** Your objective **
Begin at the line containing "Amazon Com Wireless" and restate it and each line after it exactly, up to and including the last line below. Leave pictures out.

** Source material **
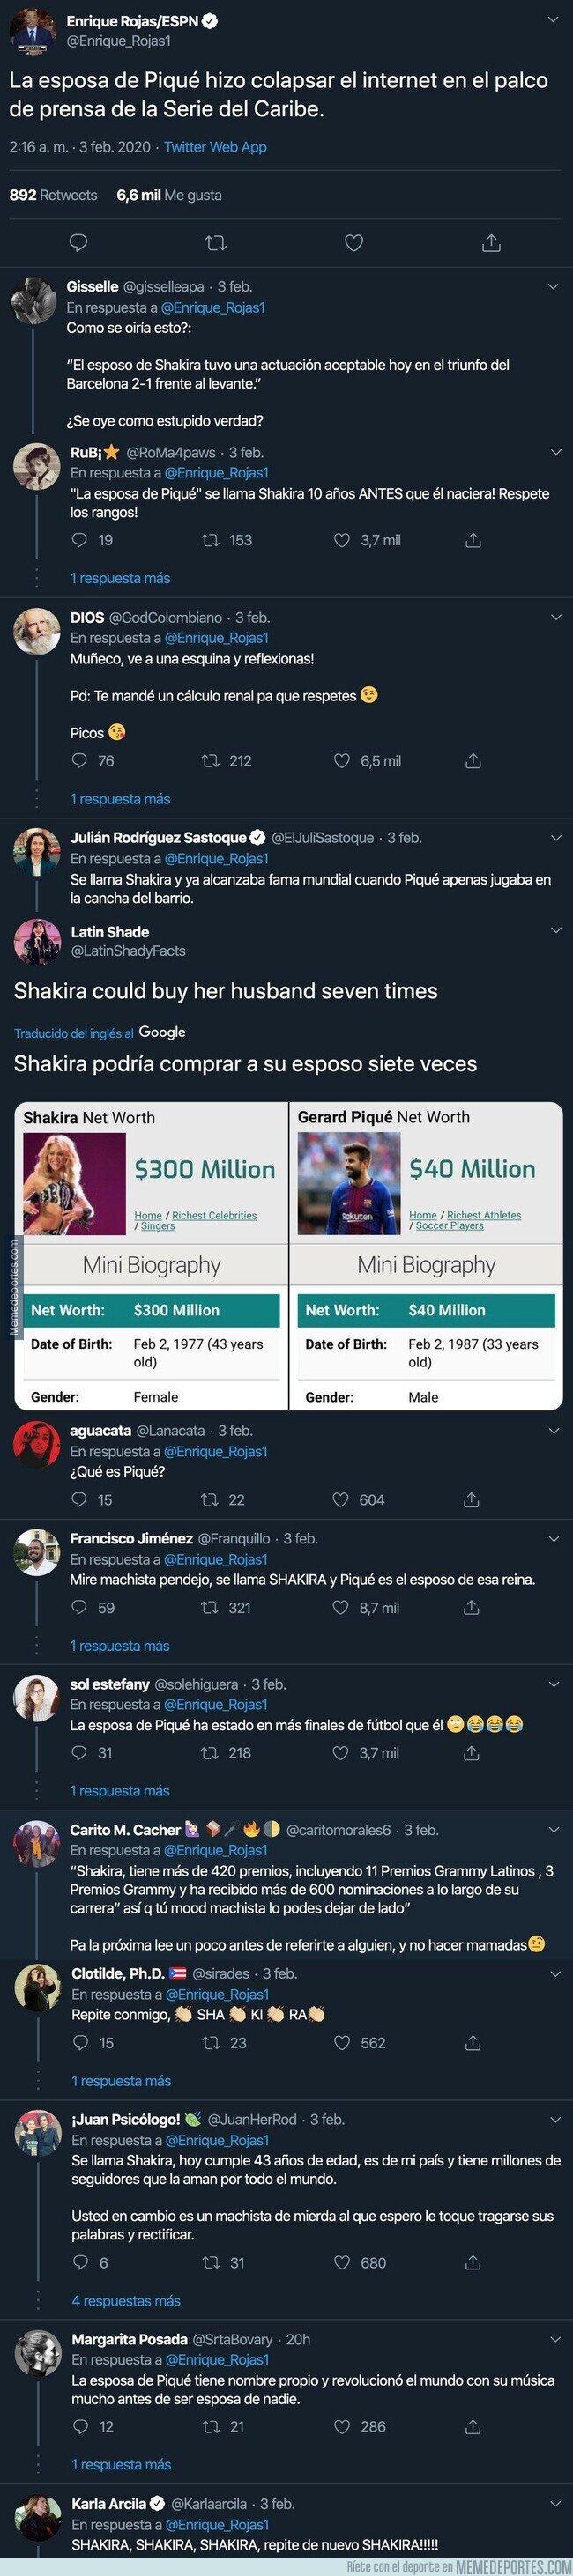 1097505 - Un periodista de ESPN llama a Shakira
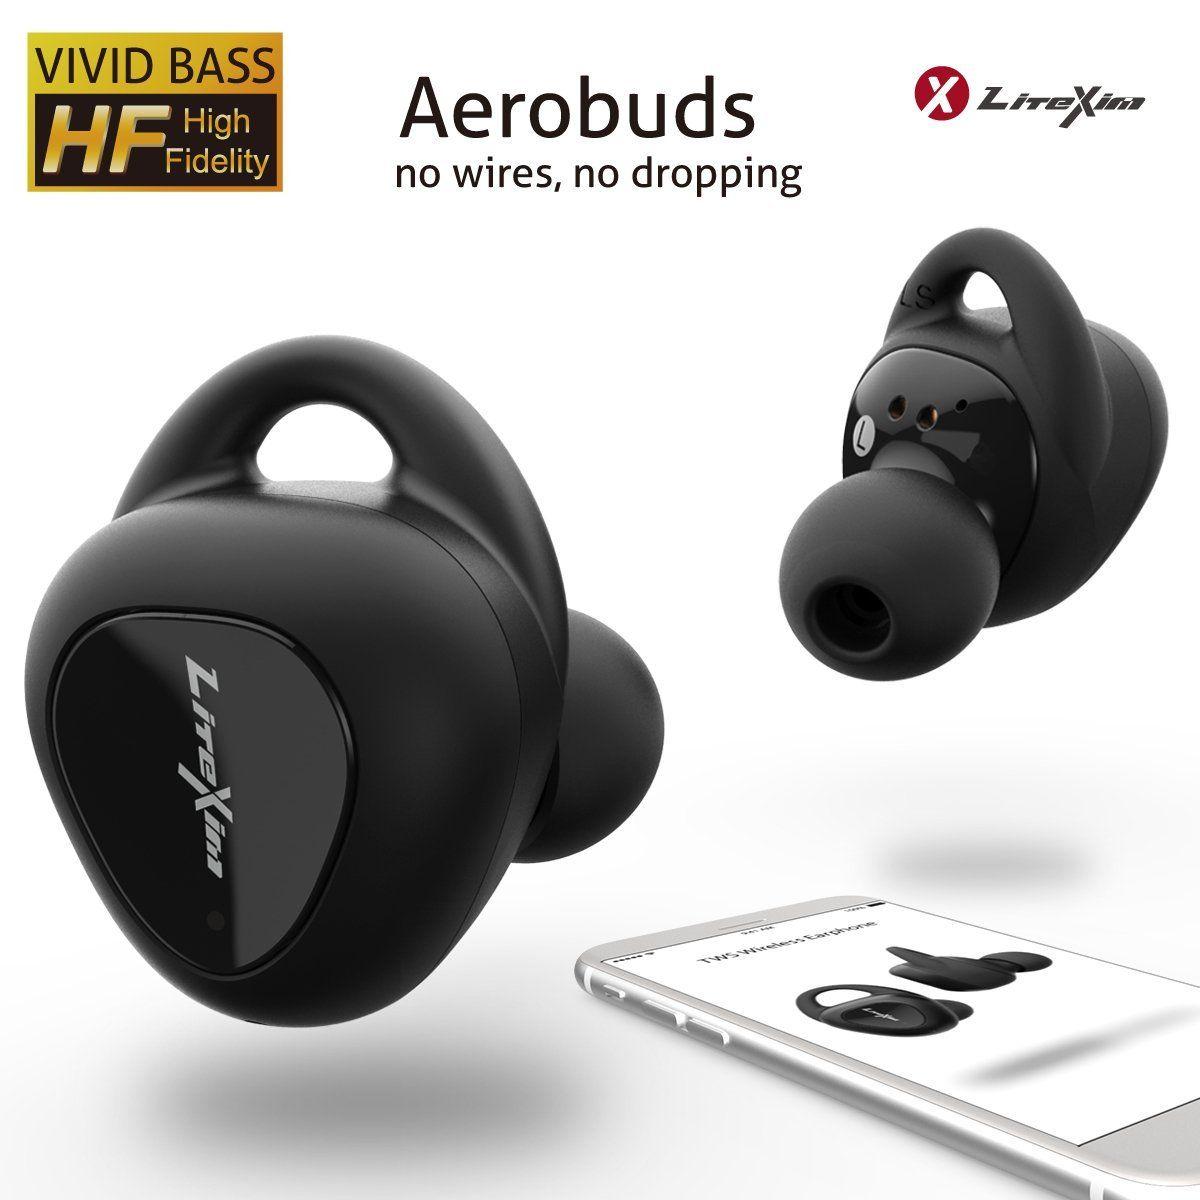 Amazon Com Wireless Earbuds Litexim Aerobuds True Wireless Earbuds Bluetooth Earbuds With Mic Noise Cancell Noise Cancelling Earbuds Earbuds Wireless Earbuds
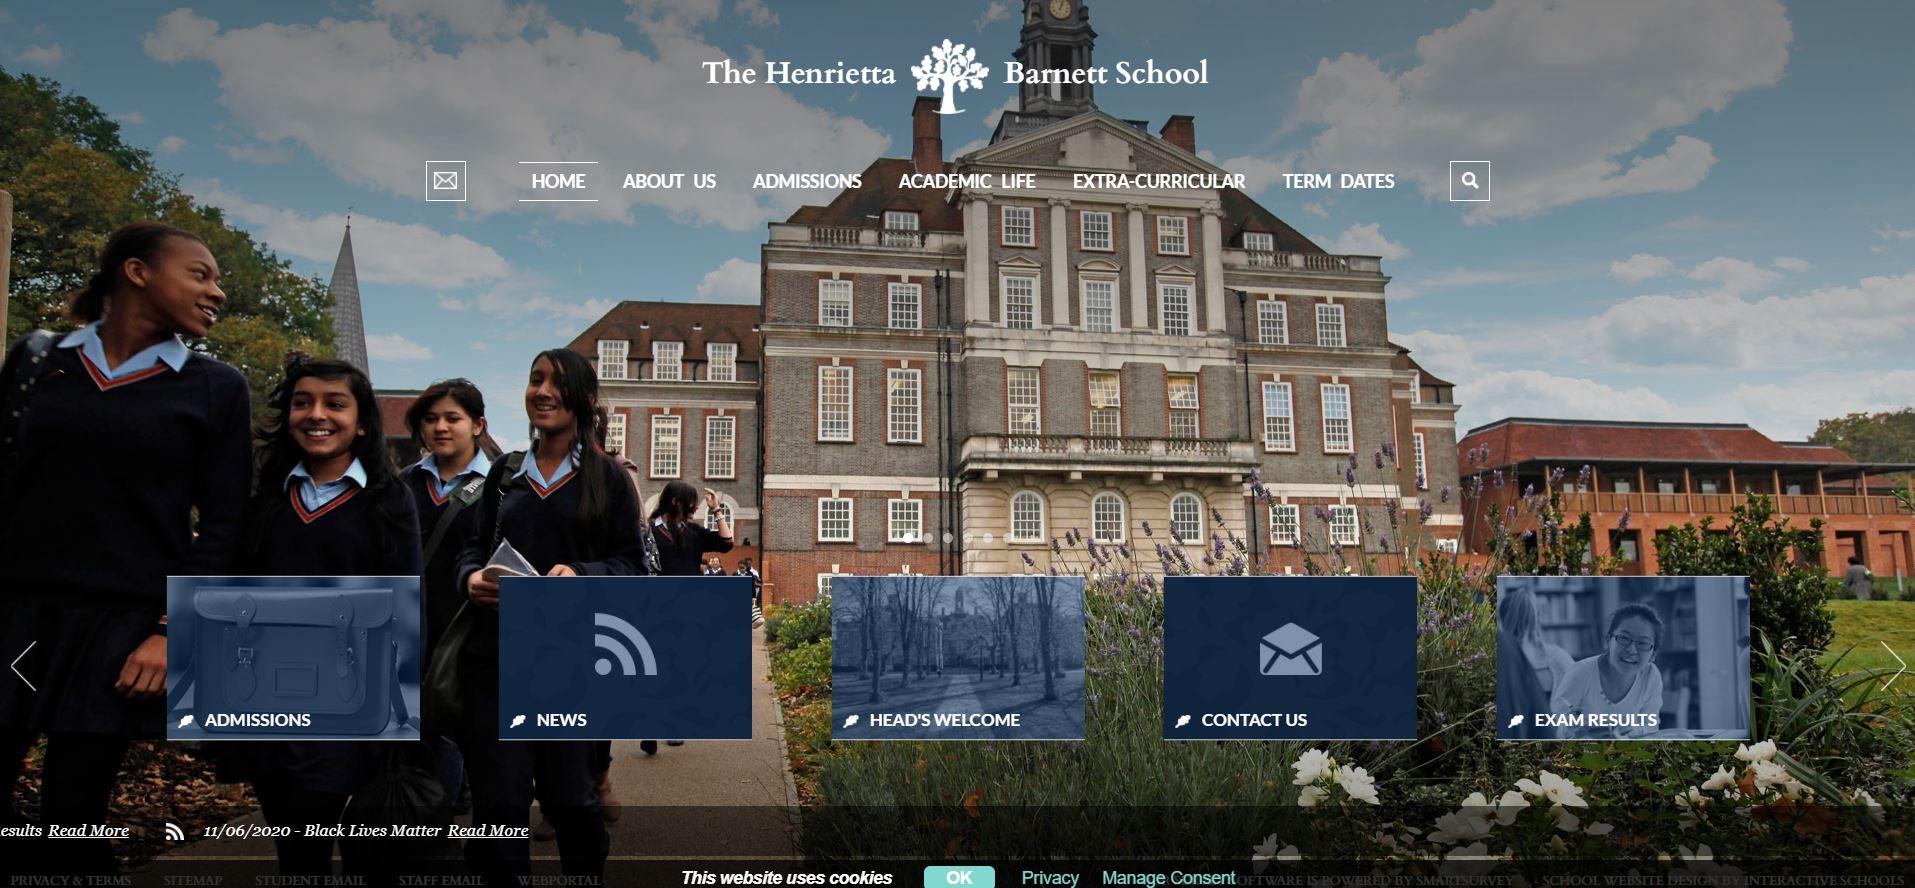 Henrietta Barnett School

** Exercise response **
 Amazon Com Wireless Earbuds Litexim Aerobuds True Wireless Earbuds Bluetooth Earbuds With Mic Noise Cancell Noise Cancelling Earbuds Earbuds Wireless Earbuds
 Henrietta Barnett School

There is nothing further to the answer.